UNIFIED NUCLEAR KOREA WOULD POSE REAL CRISIS FOR JAPAN
Northeast Asia has become the world’s most dangerous region today, having surpassed Europe in “missile density.” The same goes for nuclear weapons. In and around this region are three nuclear-armed authoritarian regimes—China, Russia, and North Korea.
Should South Korea, the peninsula nation closest to Japan, be unified with North Korea, a combined military 1.8 million strong would keep Japan within range of nuclear missiles and other weapons of mass destruction. Politically, a unified Korea would be much closer to China than to the US. Utilizing deep-rooted anti-Japanese sentiments as one of the main pillars of a coveted unification, a unified Korea most likely would face Japan with a far more hostile posture than before.
Should such a situation arise, what is there for Japan to do to protect its land and its people? The US is our ally, but can we remain totally dependent on the Americans for our defense?
This question has been asked time and again.
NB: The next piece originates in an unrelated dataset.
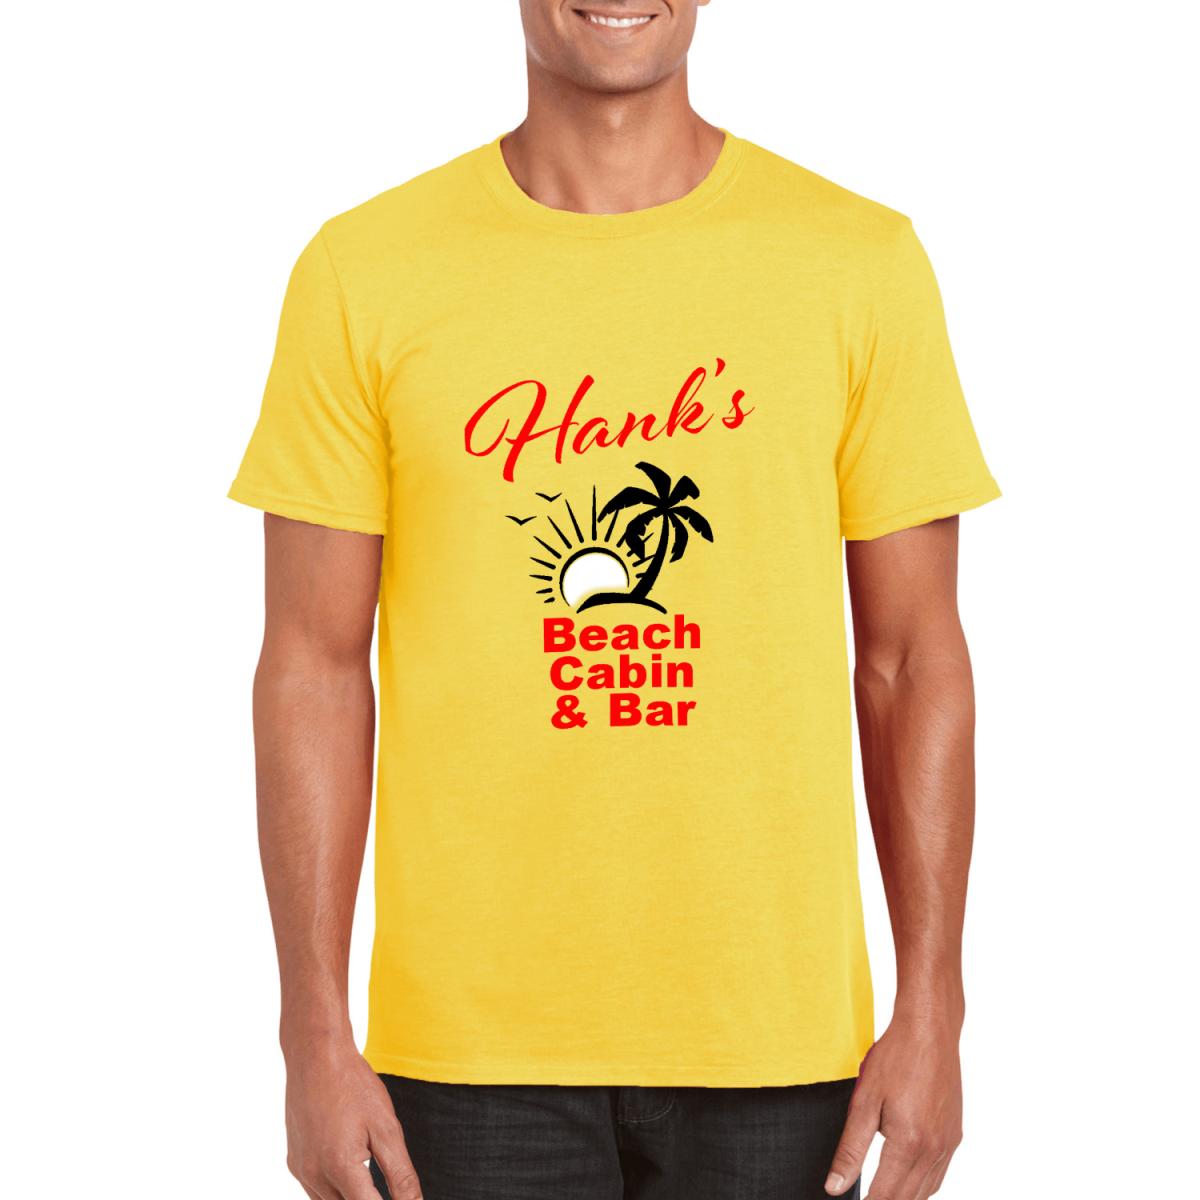 Custom Printed T-Shirt - Yellow - Beach Cabin

On each occasion, the need to strengthen Japan’s military and revise our “peace” constitution has been emphasized. This was again recently the case during the review of the government plan to deploy the Aegis Ashore missile defense system. But the discussions that began on the need to equip the Japan Self-Defense Forces with the ability to attack enemy bases—discussions that would be a matter of course in any other country—vanished into thin air before anyone knew it. The same thing has happened to the government plan for a constitutional revision, with little progress made over the years.
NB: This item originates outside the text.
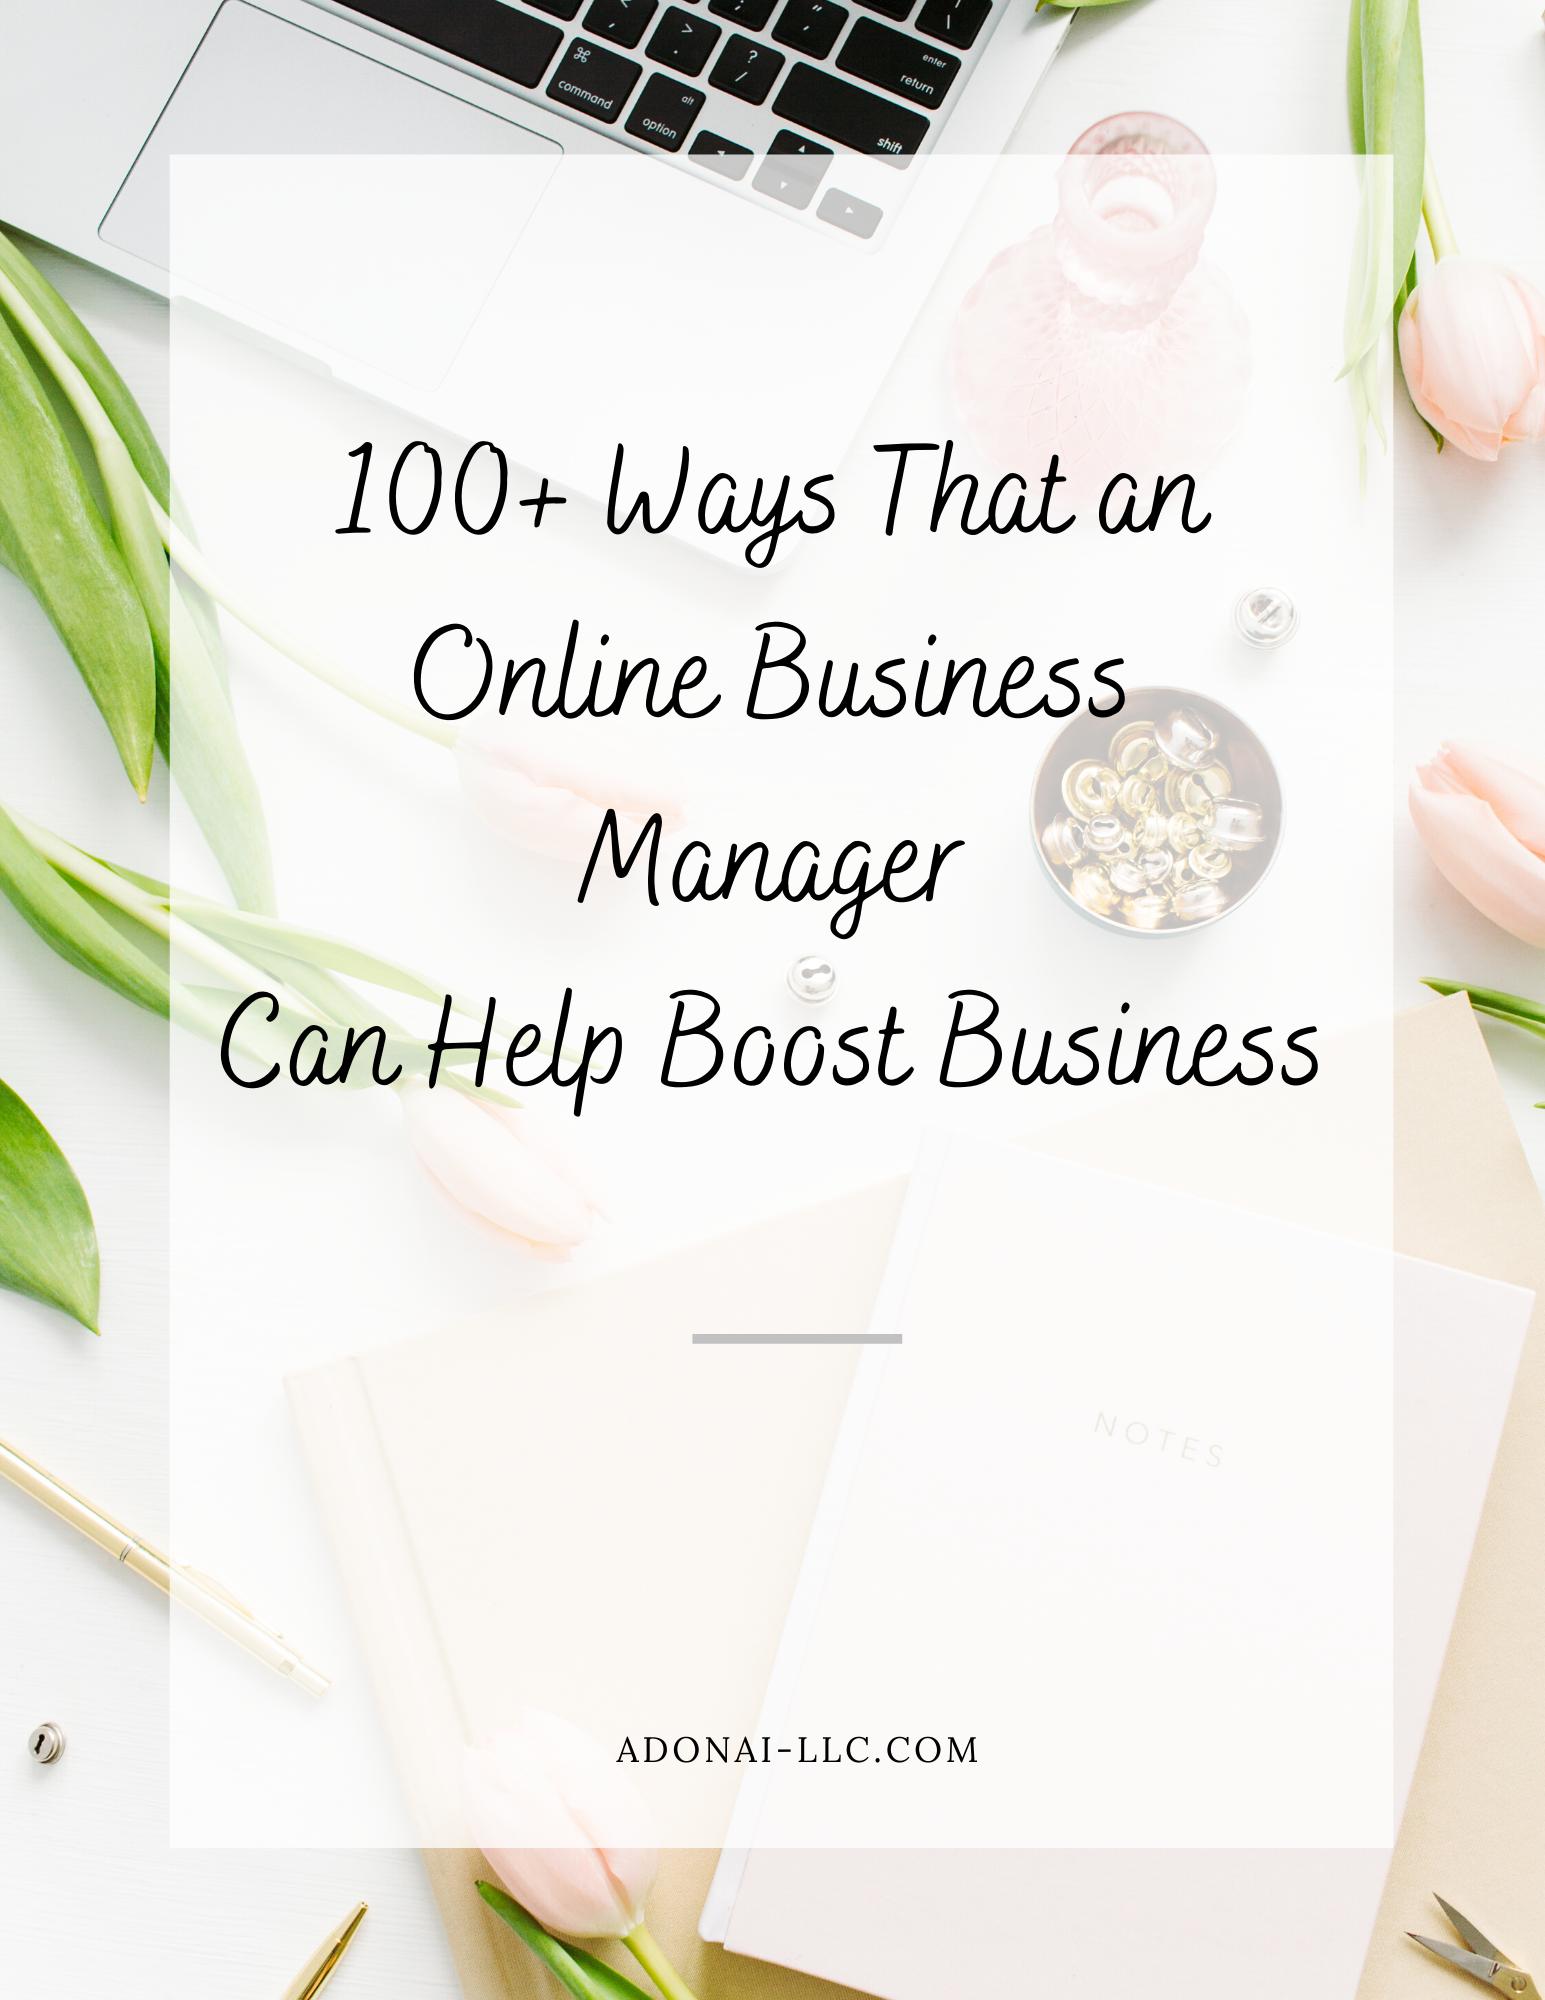 100 Ways to Use OBM

Against such a backdrop, Richard Lawless, former US Deputy Undersecretary of Defense for Asia and Pacific (2002-2007), made a daring proposal in a 12,000-word thesis entitled Nuclear North Korea and Japan—The INF Option (Wedge Monthly, December 2020). Stressing the need for a sea change in Japan’s security framework in order to secure its survival against a possible nuclear attack, Lawless made a proposal reflecting a vivid sense of impending crisis facing Japan: Japan must seriously consider an early deployment of the US Intermediate-Range Nuclear Forces (INF) system.
Preoccupied with the rapidly growing threat from China, the US and Japan, among other nations, have failed to work out a decisive means to keep North Korea’s nuclear program in check while sounding the alarm, effectively allowing the recluse communist regime to develop its own nuclear weapons.
Seoul’s Servile Posture Toward Pyongyang
“North Korean nuclear weapons atop deployed ballistic missiles can target US bases in Japan as well as Guam and Hawaii,” observes Lawless. “All of which unpin America’s entire political-military strategy in the Western Pacific.”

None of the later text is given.